Rollin’ rollin’ rollin’ on the river!

IMG_5344Lisamarie Lamb of INSIDEKent and INSIDESussex Magazine recently took a trip with us from our Oxford base. Here’s her trip review:

Rollin’, rollin’, rollin’ on the river…

And that was how the long weekend began. Driving from Kent to Oxford, the car stuffed full of clothes to suit most (but not all, it turns out) weathers, enough food to feed an army for a fortnight, and excitement fluttering in everyone’s stomachs, it was Creedence Clearwater Revival’s Proud Mary that we heard on the radio just as we – my husband, four year-old daughter, and I – pulled into the boatyard belonging to Anglo Welsh.

It was Proud Mary that we were humming as we got out of the car after two and a half hours, and started wondering which boat amongst the plethora of boats was to be ours for the next four days and three nights.

It’s Proud Mary that hasn’t left my head since. It’s a good thing I like the song.

After unloading the car, we were introduced to our boat, the rather pleasingly (for a Kentish Maid such as myself) named Romney. Romney is a narrowboat that has everything anyone could need for a short break away; a fully stocked kitchen that includes a full sized gas oven, a microwave, sink, kettle (very important), pots, pans, plates, mugs, glasses, and even a tablecloth and napkins. Nothing has been forgotten.

There is also a seating area which turns into a bedroom containing two single beds. During the day, however, a small table can be placed in between the beds/benches to create a dining area. There is a bathroom with a sink, toilet, and excellent shower, and another bed at the rear of the boat, although this one is a double.

We fell in love with Romney there and then.

Learning to drive her was something that was left to my husband, Dean, as I settled Alice into her life jacket and unpacked. He had been very keen to get behind the rudder, and, having tried – and failed – to steer boats in the past (two rather unfortunate and almost dangerous occurrences spring to mind, one in a rowing boat in America, the other in a speedboat in Turkey), I was not. I did like the idea of sitting back and letting the Thames drift by though. The thing with a narrowboat, though, as I’ve since learned, is that no one gets to duck out of the work!
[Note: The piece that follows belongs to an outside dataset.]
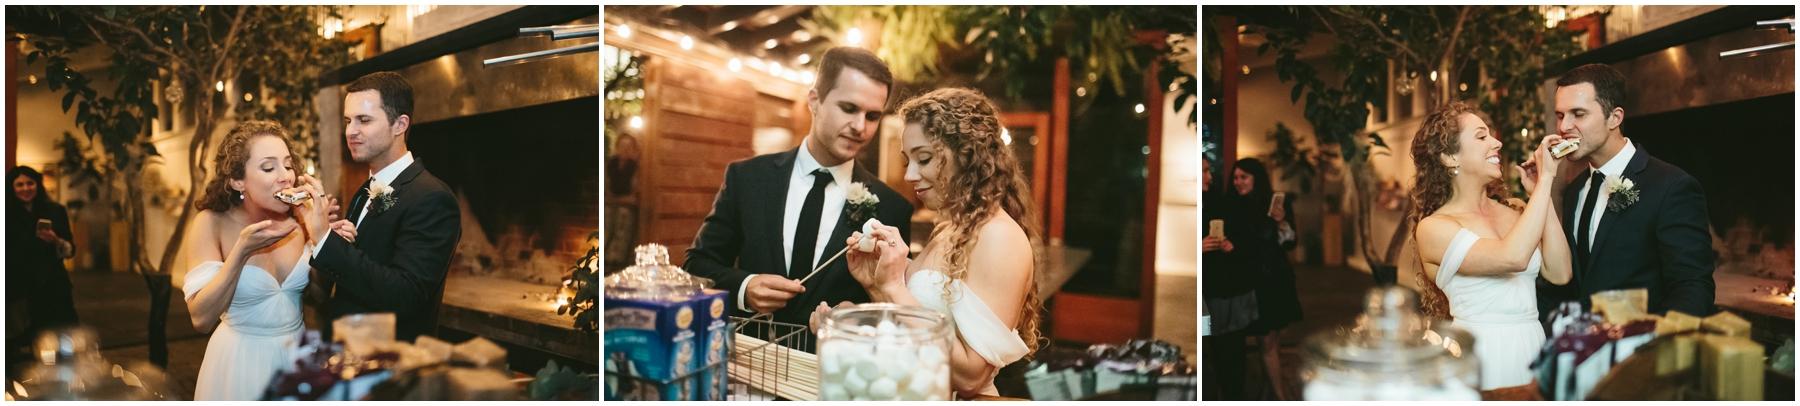 Emily+Paul-WEDDING_KellyBoitanoPhotography_0148

Anglo Welsh’s John who drives the boats came with us for our first foray out onto the water, and we – with his expert guidance – were soon chugging along. He said that he would stay with us until the first lock, at which point he could disembark and walk back home, leaving us to continue our journey. We were planning to head to Oxford and moor up there for the night, but time was ticking on, and the locks – locks! – are only manned from 9am until 6pm. After that you can still go through them, but it’s all self-service. The idea did not appeal, at least not on our first night, so we were keen to keep moving.

The lock loomed up at us, and I don’t mind admitting that I was nervous. I had a job to do now, and that job, although it sounded simple, required a steady hand and nerves of steel. I had to throw (lasso) a mooring rope over a metal post from the front of the boat before we reached the lock gate. Dean had to do the same at the back, whilst also cutting the engine and steering to the bank.

It took a bit of practice.

But we did it.

By the end of the four days, we became experts at locks. We passed through four of them on the way to Oxford, and the same four on the way back to Eynsham, where Anglo Welsh is based. Only once did we have to do it all ourselves; the rest of the time the wonderful lock keepers were there to help us, taking the ropes, giving clear instructions, and chatting as the lock filled or emptied of water.

It was the lovely couple at Godstow Lock who suggested that, once in Oxford, we might like to visit the Pitt Rivers Museum. It sounded ideal, especially as Alice has a rather macabre streak for a four year old (I blame the parents) and loves mummies, witches, ghosts, and all manner of ghouls. So Pitt Rivers was out first stop once we reached Oxford, which we did on the second day.

By that time we were rather cocky about our narrowboat skills – it really doesn’t take long to get the hang of it all. We pulled up just before Oxney Lock, where mooring is free for 24 hours, and then just £5 per day after that.

Oxford was a fascinating place, full of interesting things to do but, not having that much time before we needed to head back (bear in mind that, although Oxford is only five miles of so from Eynsham, narrowboats move at around one mile an hour). We visited the Ashmolean, the Natural History Museum of Oxford (dinosaurs!), and the Pitt Rivers (twice), the highlight of which was the witch in the bottle. Alice still talks about it.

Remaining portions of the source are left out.